= R. C. Buckner =

American Baptist minister

Robert Cooke Buckner (1833–1919) was an American Baptist minister and founder of the Buckner Baptist Children's Home.

==Biography==
Buckner was born on January 3, 1833, in Madisonville, Tennessee to Daniel and Mary (Hampton) Buckner. He attended Somerset Seminary in Cleveland, Tennessee, and Georgetown College in Kentucky. Ordained at seventeen, he served as a pastor in Albany, Owensboro, and Salvisa, Kentucky, before relocating to Paris, Texas, in 1859.

In Texas, Buckner served as pastor of the Paris Baptist Church for fourteen years. He also founded a newspaper, the Religious Messenger, later renamed Texas Baptist (and subsequently Texas Baptist and Herald), which he edited until 1883.

In 1875, Buckner moved to Dallas to establish a Baptist orphanage. He authored the charter for the Buckner Orphans Home, which opened in 1879 with three children. He managed this home until his death in 1919, by which time it had housed approximately 12,000 children.

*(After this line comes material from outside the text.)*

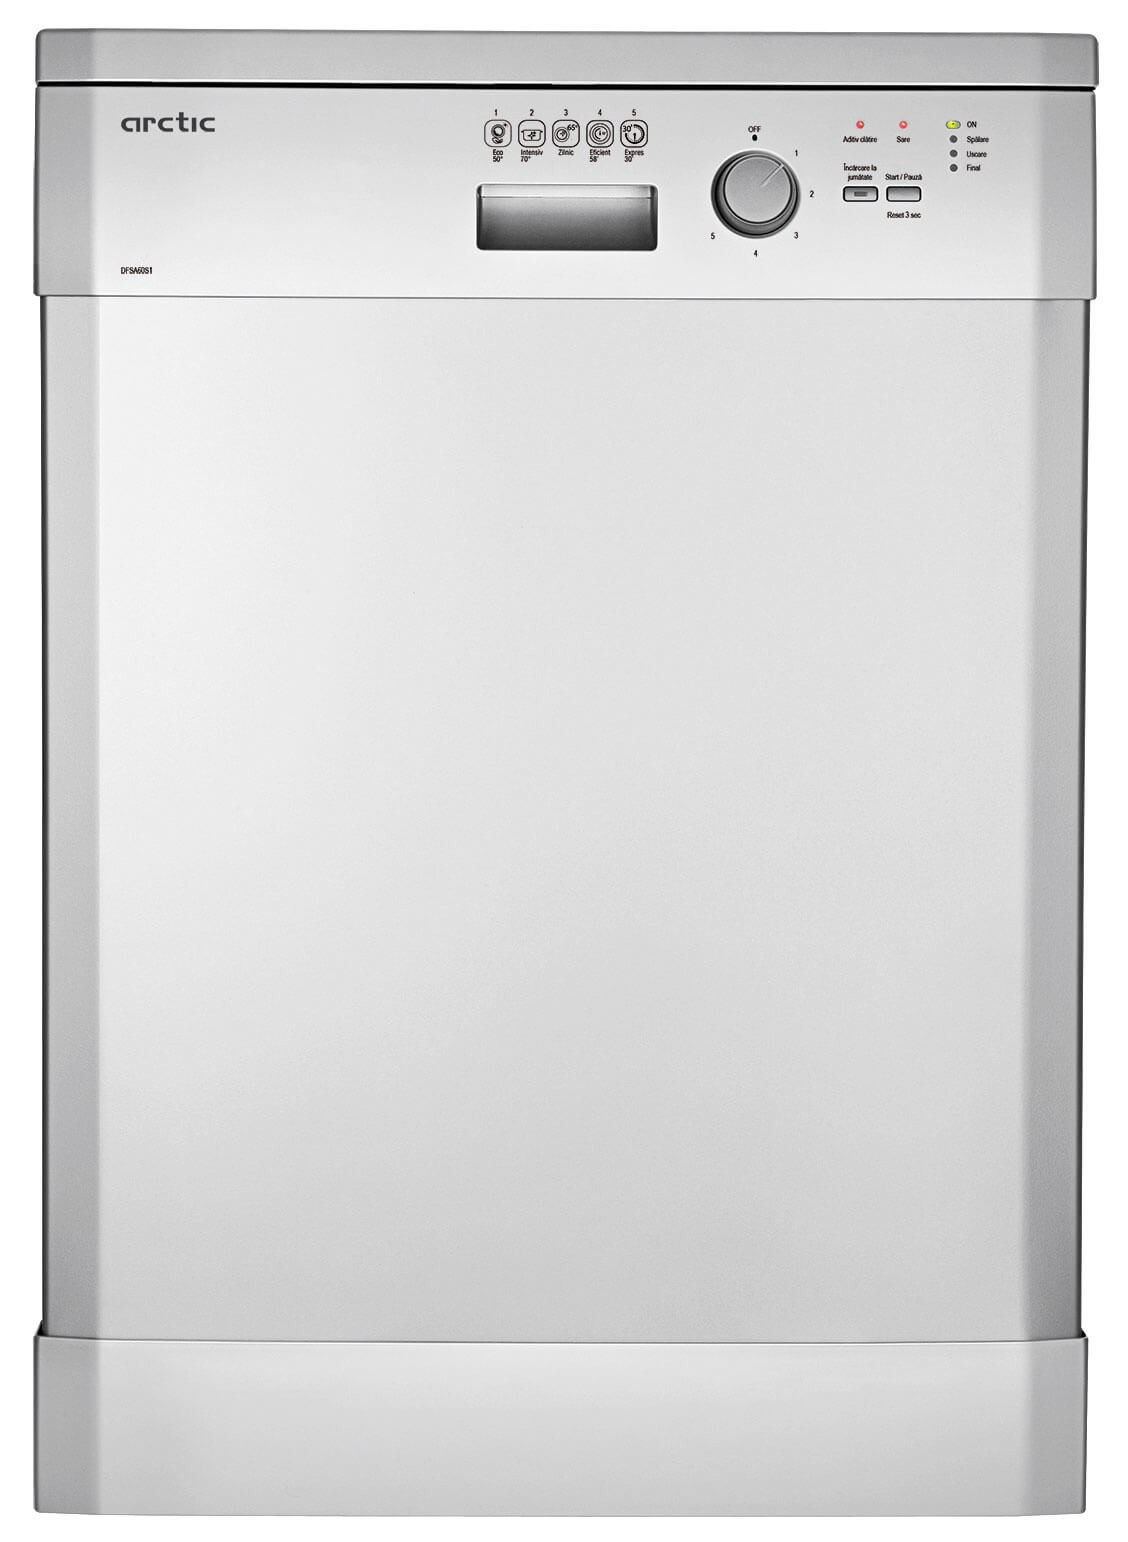 Masina de spalat vase DFSA60S1

Buckner was among the founders of the Dickson Colored Orphanage in Gilmer, Upshur County, in 1900, serving as its board president until 1905 and remaining a board member afterwards. His administrative roles extended to serving as president of the Baptist General Association of Texas for twenty years and contributing to the establishment of Texas Baptist Memorial Sanitarium (now Baylor University Medical Center), where he was board president from 1904 to 1907. He also held a trustee position at Baylor University and was involved with the National Prison Congress and the national Convention for Charities and Corrections.

Buckner, a Mason and member of Hella Temple of the Shrine, died in Dallas on April 9, 1919, and was buried at Grove Hill Cemetery.

==Legacy==
R.C. Buckner Founder's Day Award is named after him.